• _Your goal_
Return, word for word, only the lines from the one containing "الصفحة 239 من القرآن الكريم" through the last line of the entries.

*** Data ***

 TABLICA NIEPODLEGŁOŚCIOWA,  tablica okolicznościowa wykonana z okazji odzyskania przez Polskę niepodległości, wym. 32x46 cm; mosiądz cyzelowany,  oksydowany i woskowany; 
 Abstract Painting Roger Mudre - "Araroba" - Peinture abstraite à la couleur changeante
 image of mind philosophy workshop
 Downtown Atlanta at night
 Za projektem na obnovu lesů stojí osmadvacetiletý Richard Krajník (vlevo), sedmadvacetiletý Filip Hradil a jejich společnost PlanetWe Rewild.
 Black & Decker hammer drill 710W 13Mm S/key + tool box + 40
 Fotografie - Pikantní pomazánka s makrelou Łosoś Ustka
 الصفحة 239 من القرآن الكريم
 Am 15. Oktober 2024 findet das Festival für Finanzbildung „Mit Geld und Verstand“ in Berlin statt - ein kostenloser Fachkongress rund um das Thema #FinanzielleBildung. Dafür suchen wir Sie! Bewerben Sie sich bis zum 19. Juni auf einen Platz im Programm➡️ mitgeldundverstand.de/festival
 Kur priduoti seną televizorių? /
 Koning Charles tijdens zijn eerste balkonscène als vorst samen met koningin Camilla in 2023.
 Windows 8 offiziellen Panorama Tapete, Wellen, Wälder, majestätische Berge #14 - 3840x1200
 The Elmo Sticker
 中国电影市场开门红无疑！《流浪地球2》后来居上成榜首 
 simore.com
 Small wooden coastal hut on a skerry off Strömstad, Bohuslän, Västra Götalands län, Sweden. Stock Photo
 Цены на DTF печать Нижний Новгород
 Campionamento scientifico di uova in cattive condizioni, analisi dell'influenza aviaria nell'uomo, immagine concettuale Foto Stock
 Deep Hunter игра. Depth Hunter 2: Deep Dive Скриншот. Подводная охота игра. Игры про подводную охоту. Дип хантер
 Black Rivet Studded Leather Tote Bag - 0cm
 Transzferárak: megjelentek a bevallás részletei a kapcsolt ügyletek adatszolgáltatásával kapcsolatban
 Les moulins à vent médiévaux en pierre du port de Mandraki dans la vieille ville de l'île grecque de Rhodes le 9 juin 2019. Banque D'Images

***

• _Completed task_
 الصفحة 239 من القرآن الكريم
 Am 15. Oktober 2024 findet das Festival für Finanzbildung „Mit Geld und Verstand“ in Berlin statt - ein kostenloser Fachkongress rund um das Thema #FinanzielleBildung. Dafür suchen wir Sie! Bewerben Sie sich bis zum 19. Juni auf einen Platz im Programm➡️ mitgeldundverstand.de/festival
 Kur priduoti seną televizorių? /
 Koning Charles tijdens zijn eerste balkonscène als vorst samen met koningin Camilla in 2023.
 Windows 8 offiziellen Panorama Tapete, Wellen, Wälder, majestätische Berge #14 - 3840x1200
 The Elmo Sticker
 中国电影市场开门红无疑！《流浪地球2》后来居上成榜首 
 simore.com
 Small wooden coastal hut on a skerry off Strömstad, Bohuslän, Västra Götalands län, Sweden. Stock Photo
 Цены на DTF печать Нижний Новгород
 Campionamento scientifico di uova in cattive condizioni, analisi dell'influenza aviaria nell'uomo, immagine concettuale Foto Stock
 Deep Hunter игра. Depth Hunter 2: Deep Dive Скриншот. Подводная охота игра. Игры про подводную охоту. Дип хантер
 Black Rivet Studded Leather Tote Bag - 0cm
 Transzferárak: megjelentek a bevallás részletei a kapcsolt ügyletek adatszolgáltatásával kapcsolatban
 Les moulins à vent médiévaux en pierre du port de Mandraki dans la vieille ville de l'île grecque de Rhodes le 9 juin 2019. Banque D'Images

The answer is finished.